# Cohomology of cocompact lattices in hyperbolic spaces

I have a (maybe too naive) hope that cocompact torsion-free arithmetic lattices in hyperbolic spaces $$X \neq \mathbb{H}_\mathbb{R}^2$$ are uniquely determined by their cohomology with coefficients in $$\mathbb{Z}$$. I was wondering if there are any known counter examples to this claim, that is:

Question: Are there torsion free cocompact lattices of hyperbolic spaces (real, complex or quaternionic of dimension $$\geq 3$$) that are not isomorphic but have the same cohomolgy?

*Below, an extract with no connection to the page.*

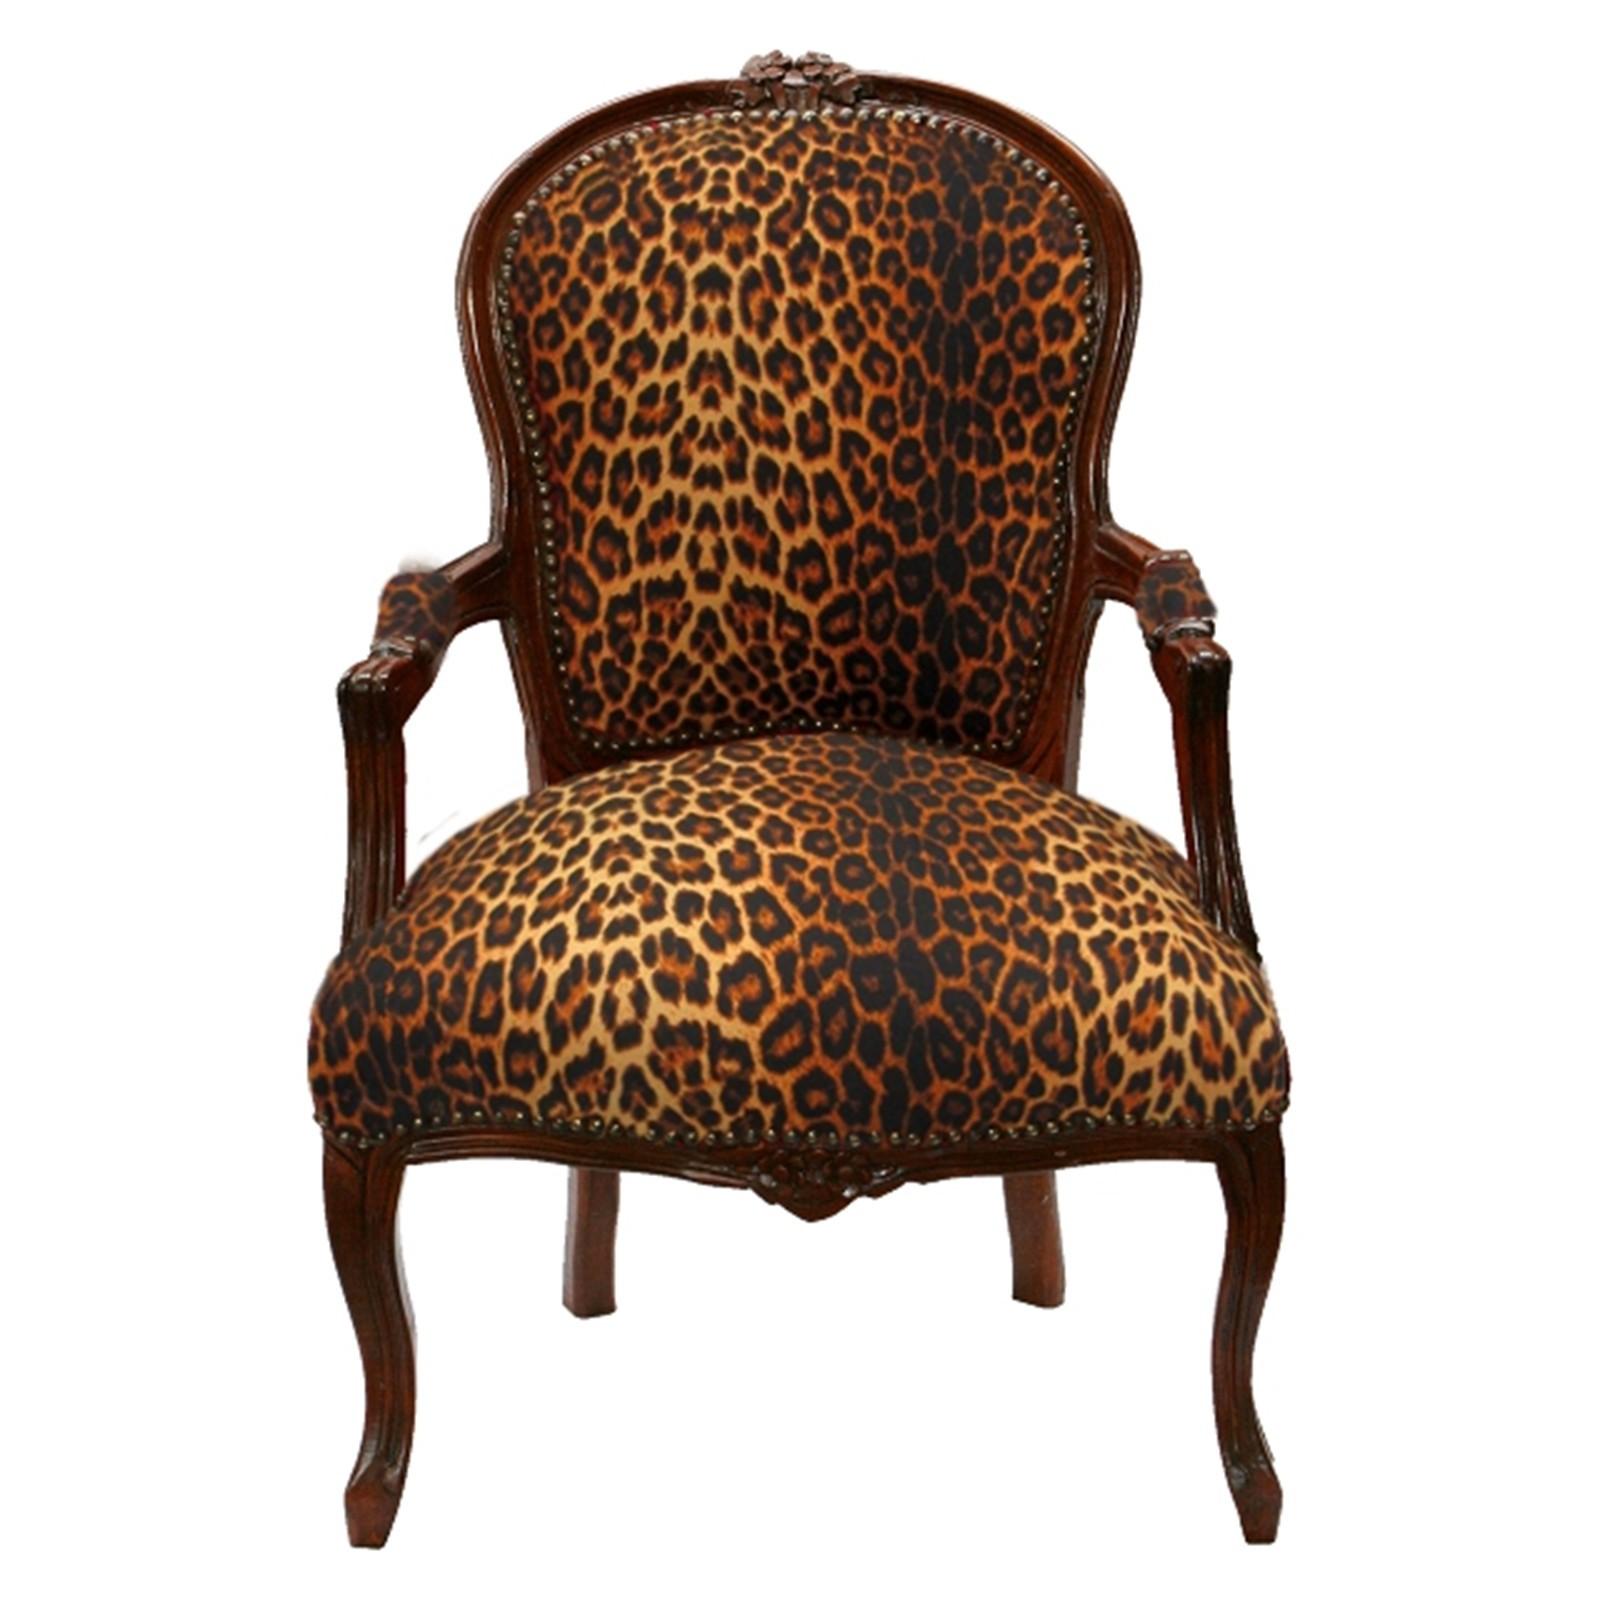 leoparden brauner antiker barock stuhl salon stuhl safari look gepolstert. Black Bedroom Furniture Sets. Home Design Ideas

• They can even be homology spheres or homology projective planes. Apr 18, 2023 at 14:43
• Thank you! I see that my first question was a silly one then...
– TSU
Apr 19, 2023 at 7:20
• Maybe you want to also exclude a bit more (e.g. very small dimension?). Also you need to specify whether you mean cohomology as graded abelian group, or as graded algebra (which retains more information).
– YCor
Jul 12, 2023 at 10:13

It depends on what you mean with "the same cohomology". If you don't care about the multiplicative structure and work on $$\mathbb{Q}$$ or $$\mathbb{R}$$, then you are asking whether the collection of Betti numbers determine the lattice, right?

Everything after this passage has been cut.